# SUPPLIED MATERIAL

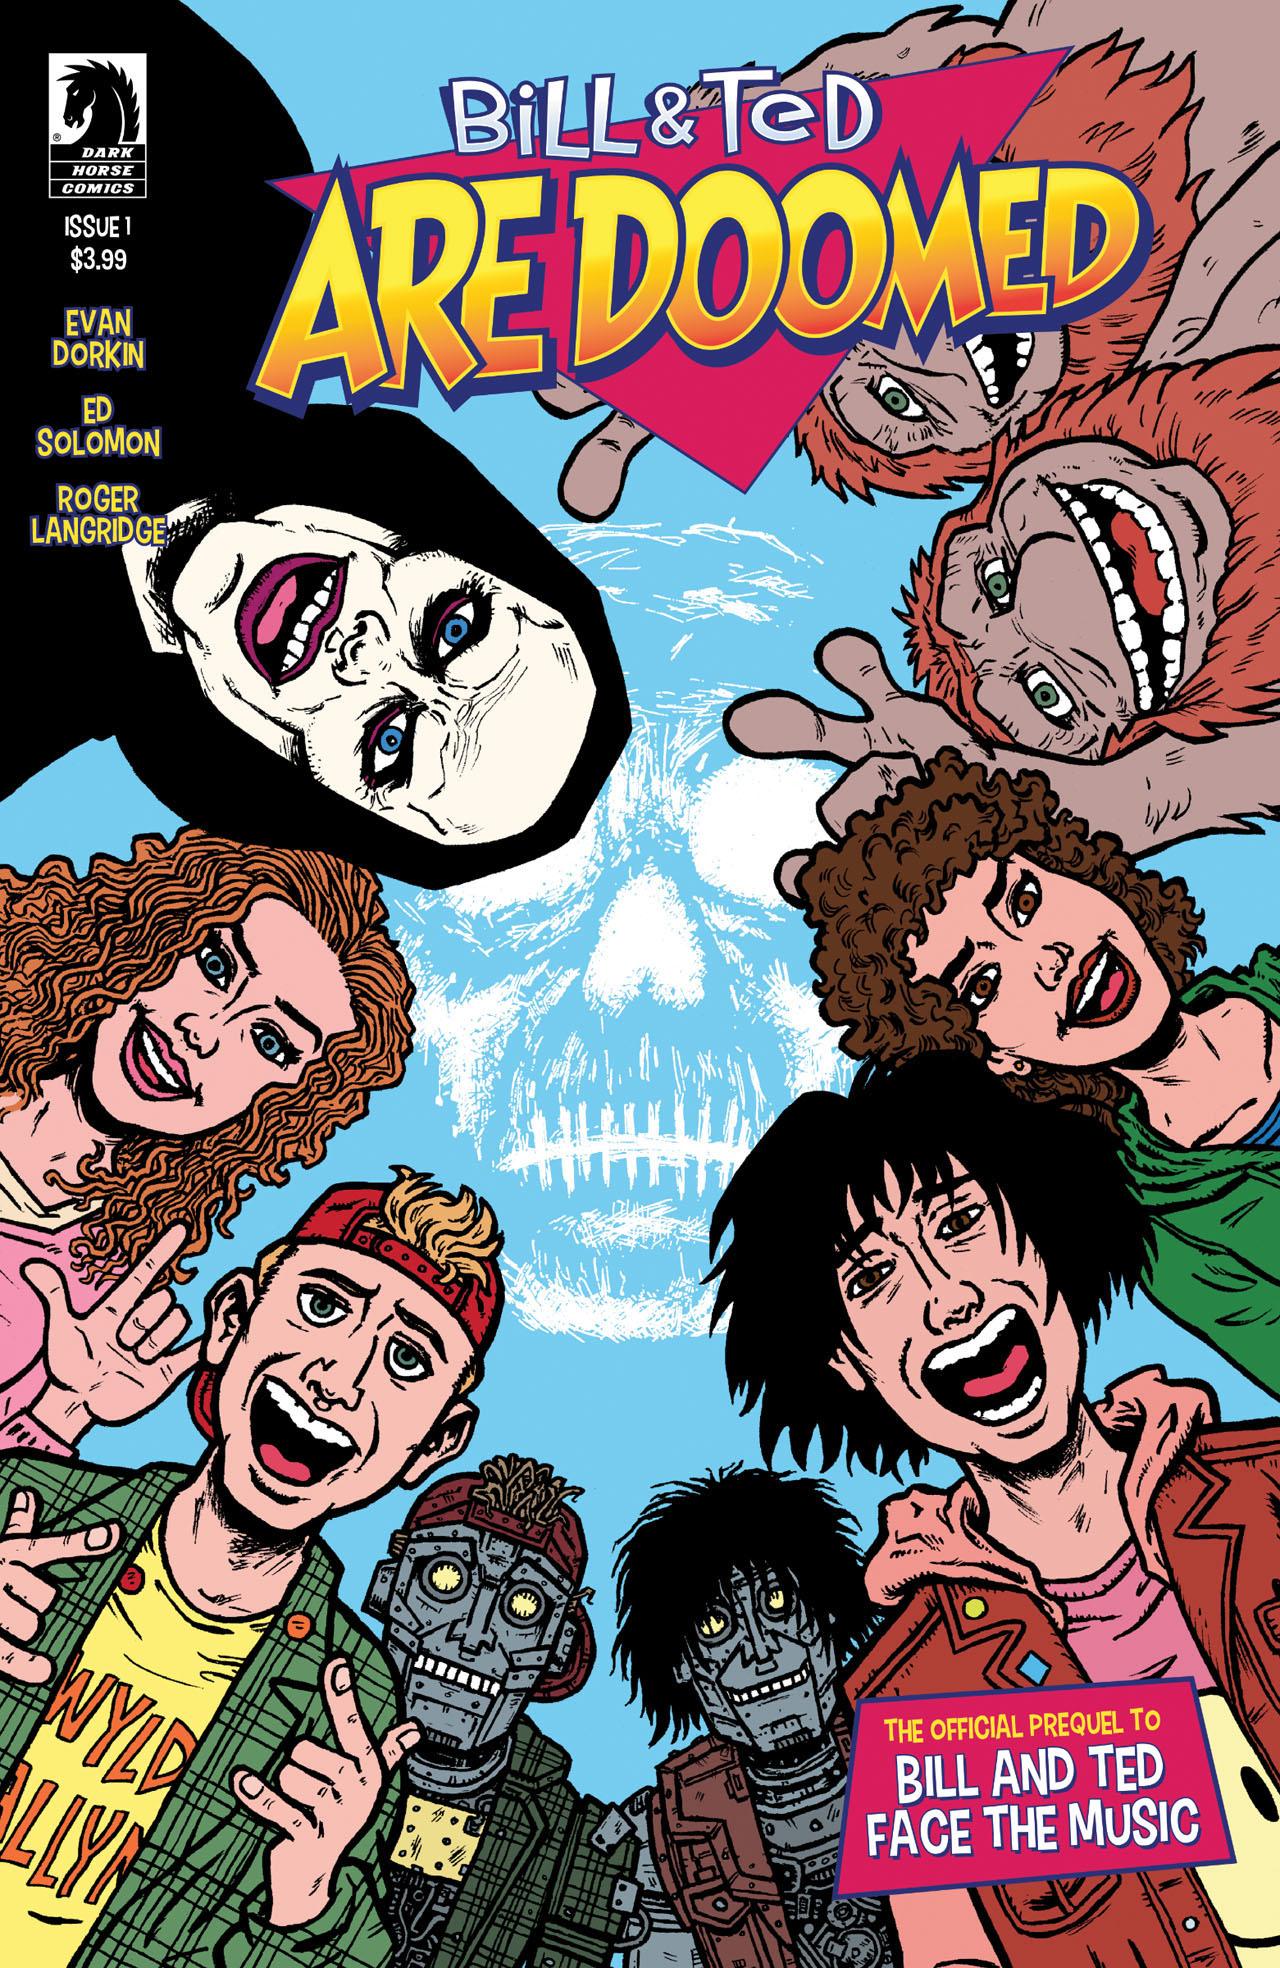 Portada de Bill & Ted Are Doomed #1 (2020). Arte por Evan Dorkin y Sarah Dyer. Imagen: Dark Horse Comics
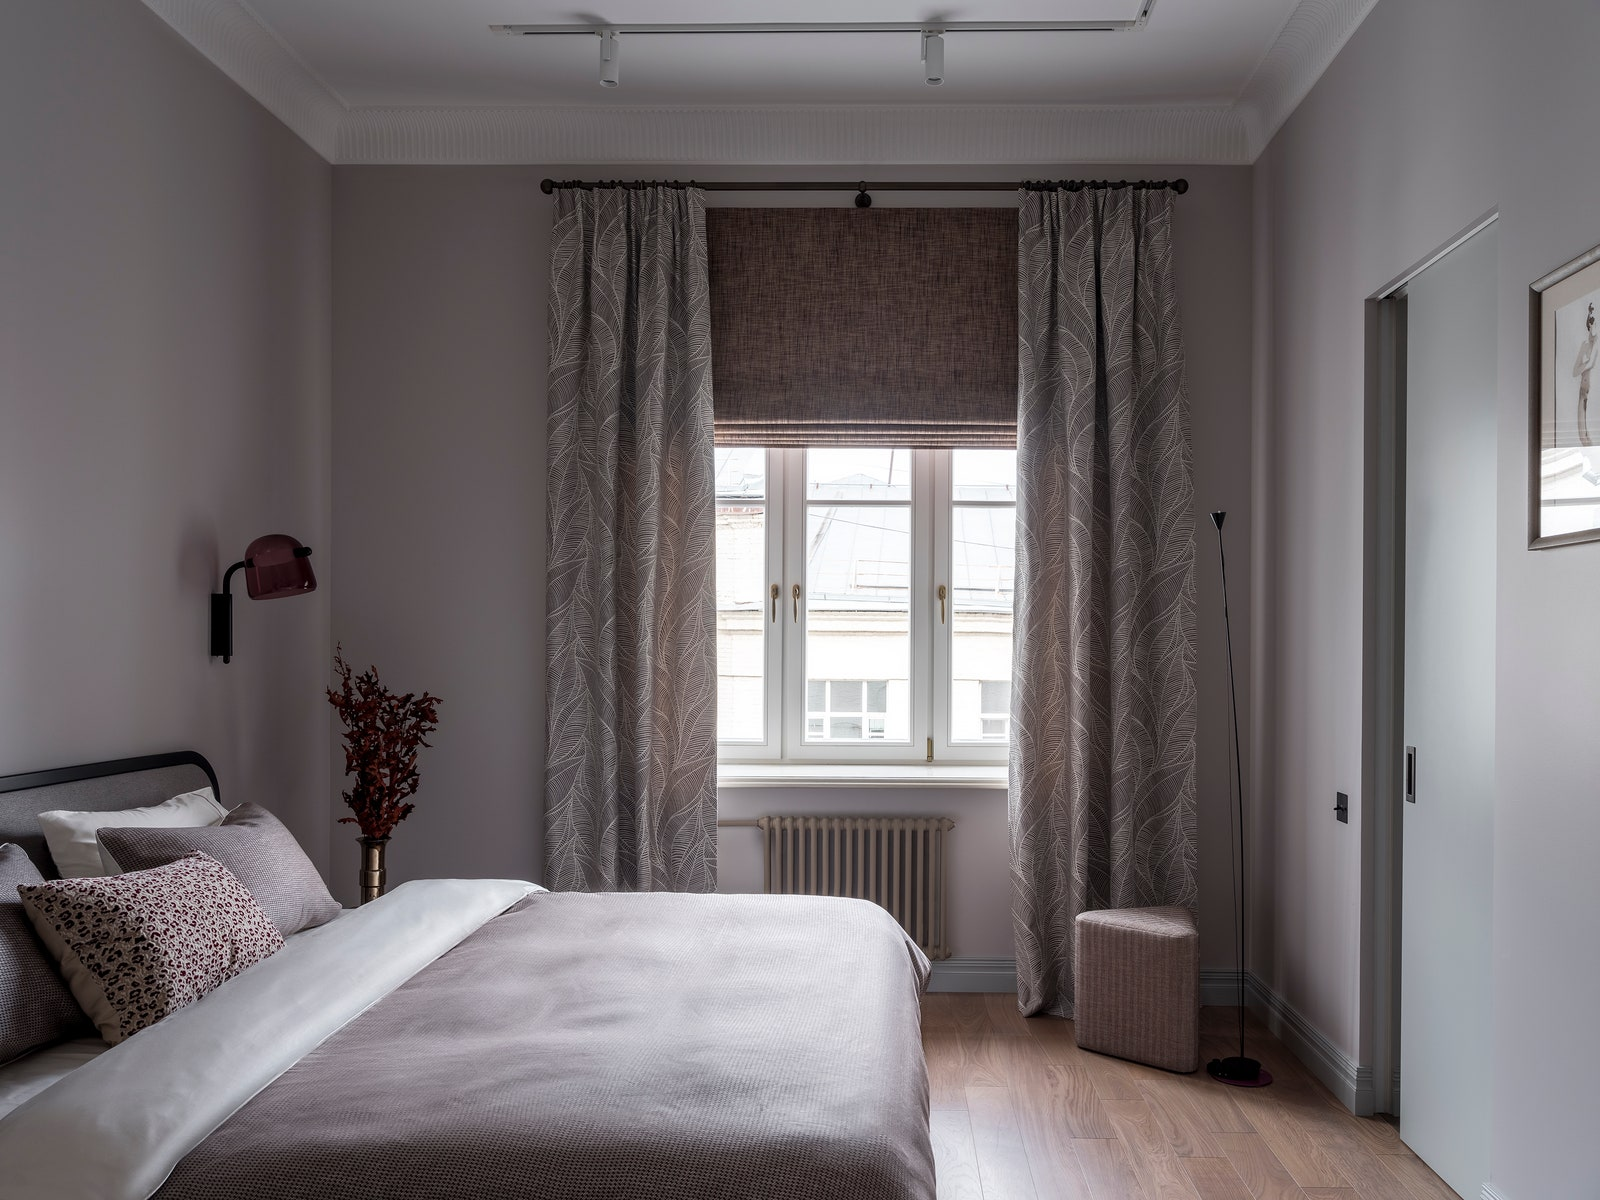 .  Pianca  Brokis  ADecor  Loffilab   Amalia Home Collection  Loffilab.
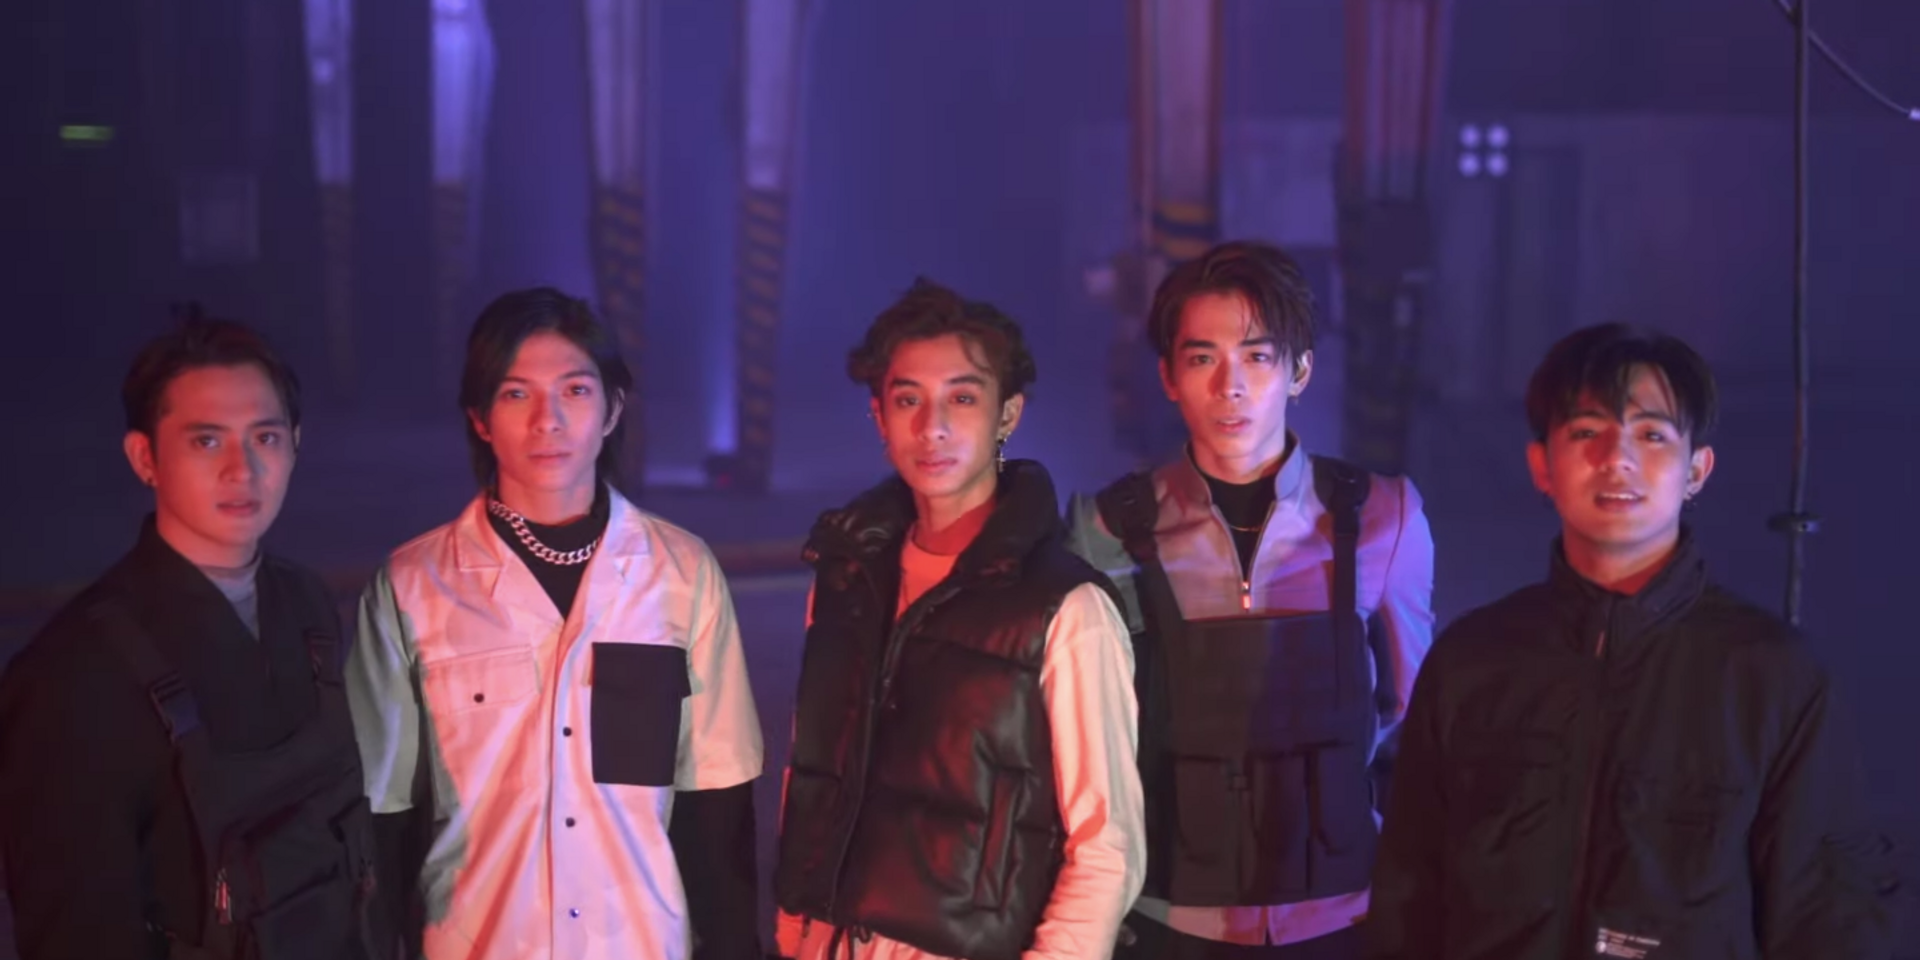 BGYO return with new single 'The Baddest' – listen
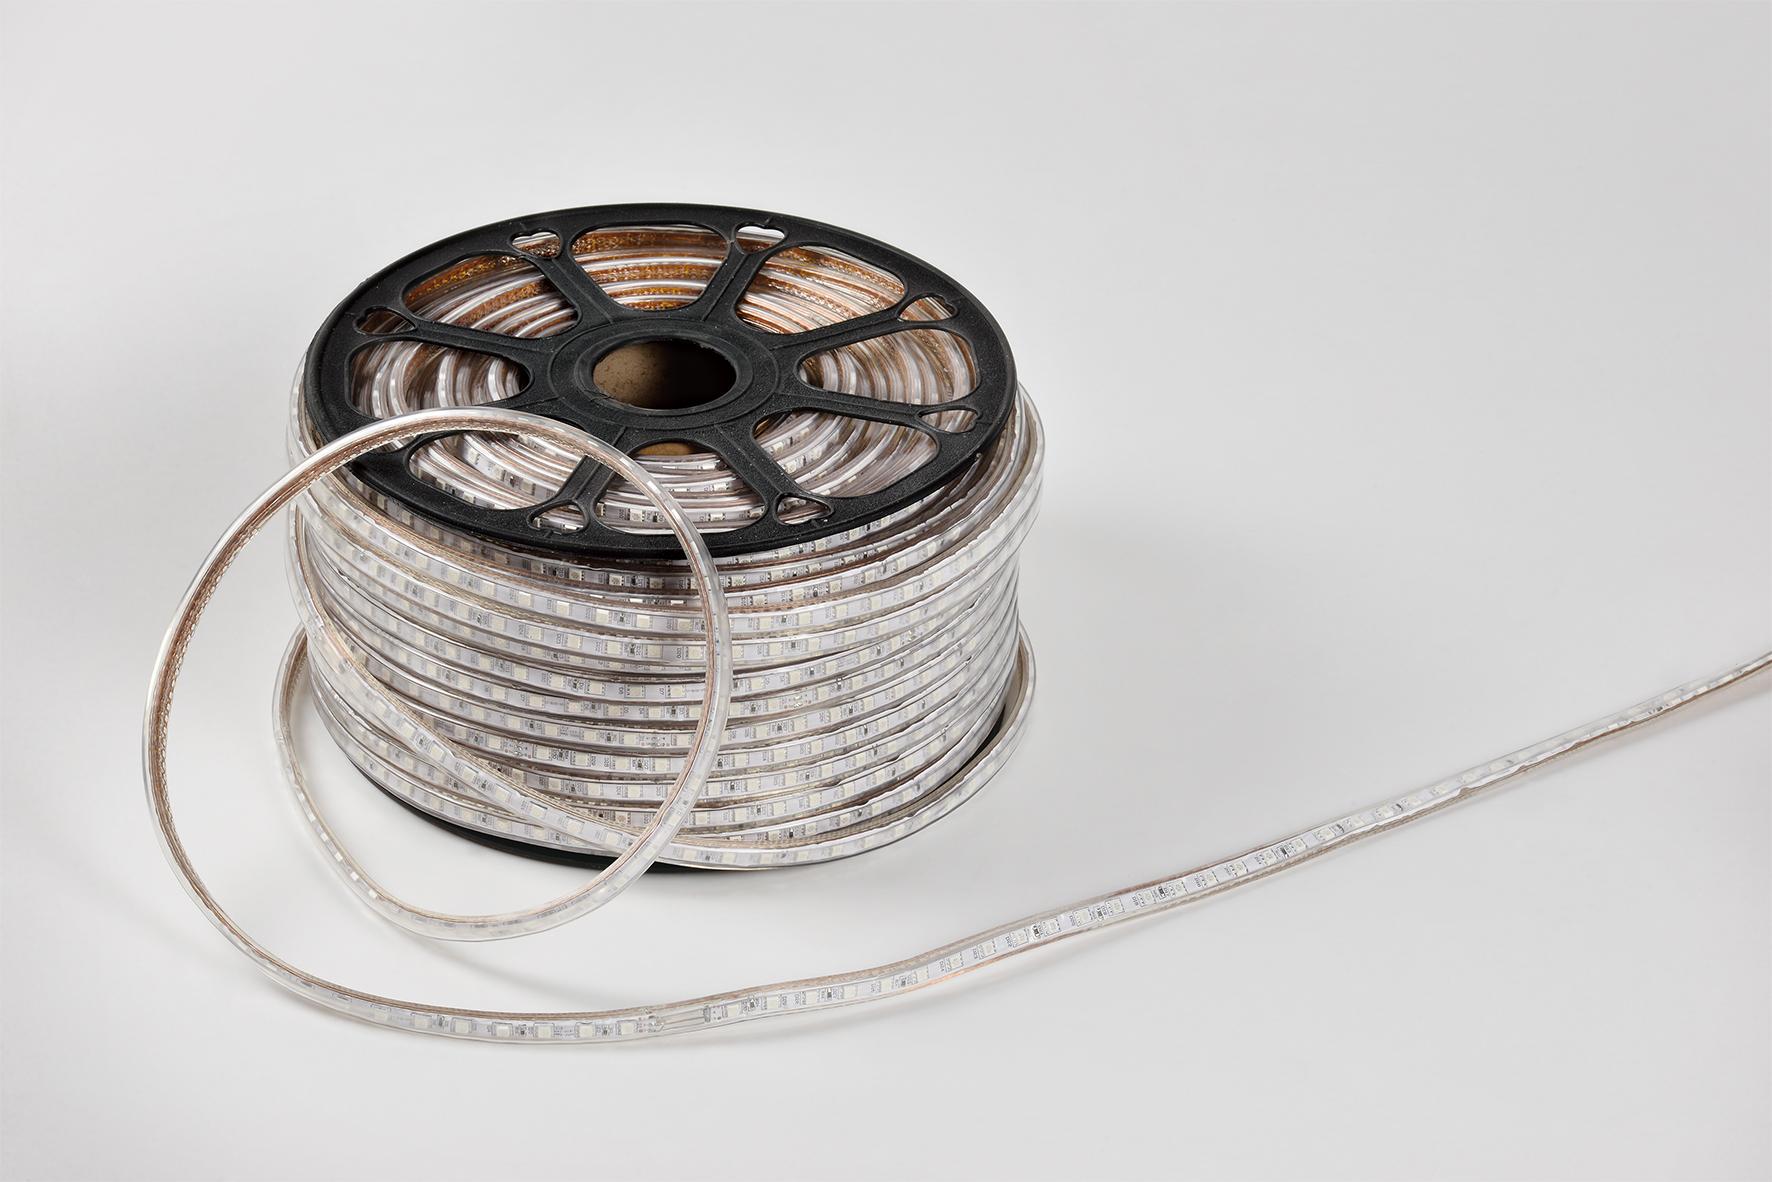 LED Strip 3000K Warmweiß in 100m Lighting 60LEDs LED Leiste IP65 wasserdichte inkl.Trafo

# TO DO
Starting at the line that contains "Amalia Home Collection" and ending with the last line of the data, transcribe every line exactly; skip the pictures.

# SOLUTION TO THE PROBLEM
 .  Pianca  Brokis  ADecor  Loffilab   Amalia Home Collection  Loffilab.
 BGYO return with new single 'The Baddest' – listen
 LED Strip 3000K Warmweiß in 100m Lighting 60LEDs LED Leiste IP65 wasserdichte inkl.Trafo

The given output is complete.